In the last decade in Hungary and the neighbouring countries, West Nile Neuroinvasive Disease (WNND) has been caused in dramatically increasing numbers by lineage 2 West Nile Virus (WNV) strains both in horses and in humans. The disease in this geographical region is seasonal, so vaccination of horses should be carefully scheduled to maintain the highest antibody titres during outbreak periods. The objective of this study was to characterise the serum neutralising (SN) antibody titres against a lineage 2 WNV strain in response to vaccination with an inactivated lineage 1 vaccine (Equip® WNV).

Thirty-two seronegative horses were enrolled in the study, 22 horses were allocated to the vaccinated group and 10 retained as unvaccinated controls. Horses were vaccinated according to the product’s vaccination guidelines. A primary vaccination of two doses administered 28 days apart was initiated approximately 5 months before the WNV outbreak season, followed by a booster vaccination one year later. Blood samples were collected during a 2-year period to monitor production of SN antibodies against lineage 1 and the enzootic lineage 2 WNV strain.

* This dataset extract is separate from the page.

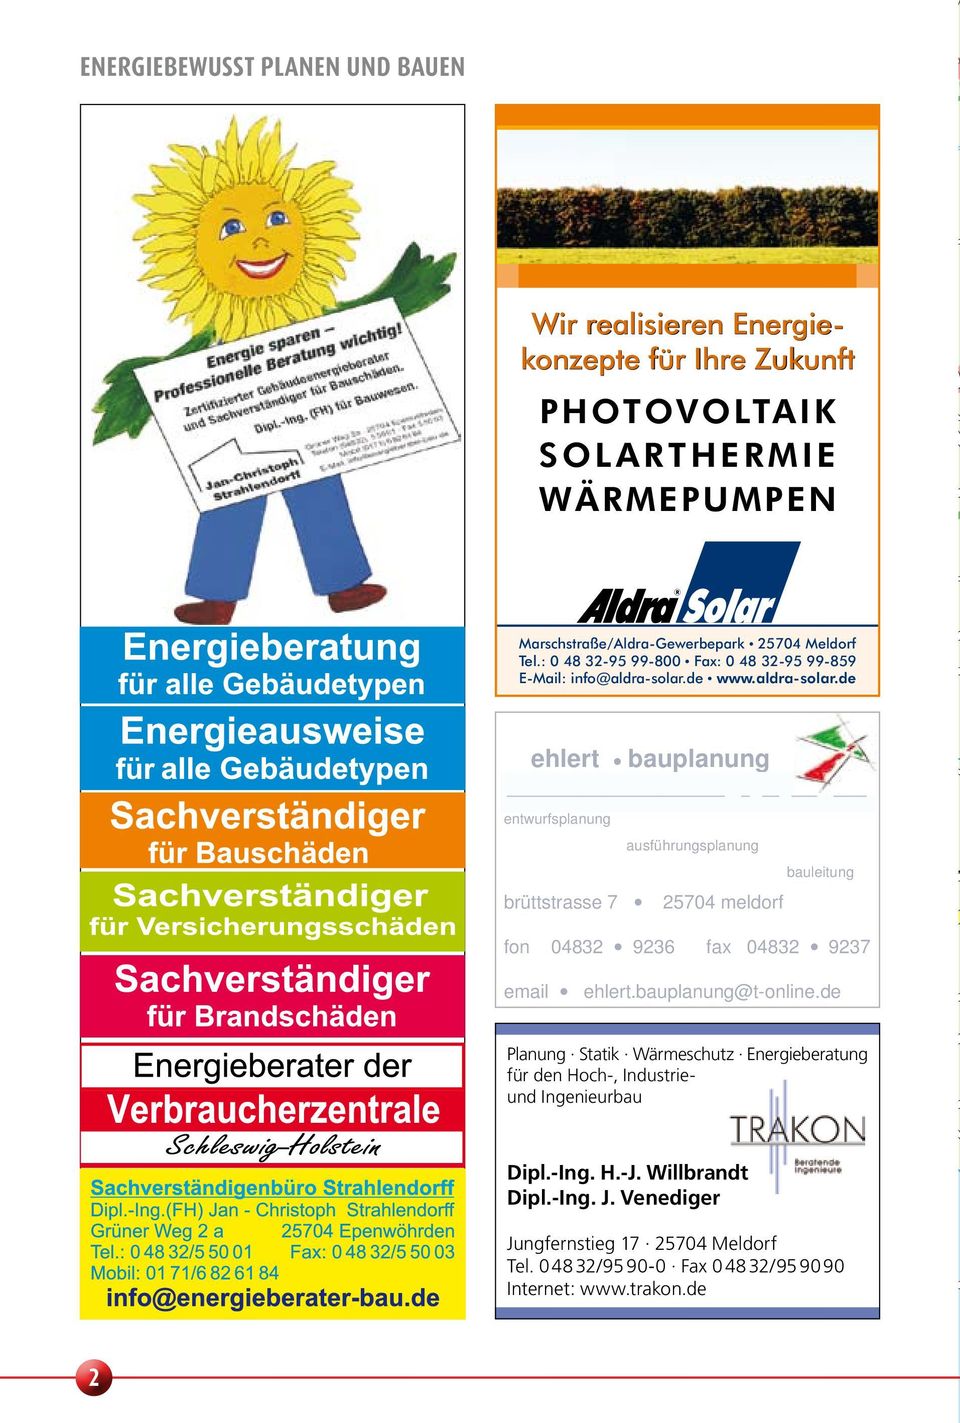 de www.aldra-solar.de ehlert bauplanung entwurfsplanung ausführungsplanung bauleitung brüttstrasse 7 25704 meldorf fon 04832 9236 fax 04832 9237 email ehlert.

Mean antibody titres against lineage 1 WNV were significantly higher (P ≤ 0.05) in the vaccinated group compared to the control group at all-time points after the primary dose of vaccination. Similarly, mean antibody titres against lineage 2 WNV were significantly higher (P ≤ 0.05) in the vaccinated group compared to the control group at all time-points except at 6 months after the primary vaccination. SN antibody titres were significantly higher against lineage 1 than lineage 2 at all-time points.

According to the results, vaccination with an inactivated lineage 1 vaccine induces antibodies against both WNV lineages 1 and 2 strains up to 2 years after booster vaccination, but in those geographical regions where lineage 2 strains are responsible for seasonal outbreaks, a booster vaccination should be considered earlier than 12 months after primary vaccination.

在匈牙利和周边国家的最近十年中，西尼罗河神经侵袭性疾病（WNND）是由马和人类中的第2系西尼罗河病毒（WNV）毒株引起的。该地理区域的疾病是季节性的，因此应谨慎安排马的疫苗接种，以在爆发期间维持最高的抗体滴度。这项研究的目的是鉴定针对灭活的谱系1疫苗（Equip®WNV）的疫苗接种后针对谱系2 WNV株的血清中和（SN）抗体效价。

该研究招募了32匹血清阴性的马，将22匹马分配给了疫苗接种组，将10匹保留为未接种疫苗的对照组。根据产品的疫苗接种指南为马接种疫苗。在WNV暴发季节之前约5个月，开始间隔28天注射两剂初次疫苗，然后在一年后加强免疫。在2年期间收集血液样本，以监测针对谱系1和Enzootic谱系2 WNV株的SN抗体的产生。

在初次接种疫苗后的所有时间点上，接种组的抗1 WNV抗体平均滴度均显着高于对照组（P≤0.05）。同样，除初次接种疫苗后的6个月以外，在所有时间点上，接种组的抗2代WNV抗体平均滴度均显着高于对照组（P≤0.05）。在所有时间点，针对谱系1的SN抗体滴度均明显高于谱系2。

根据结果​​，在加强接种后长达2年的时间里，使用灭活的第1代疫苗灭活疫苗会诱导针对WNV第1和第2株的抗体，但在那些第2代菌株引起季节性暴发的地理区域中，应进行加强接种考虑在初次接种疫苗后12个月之前。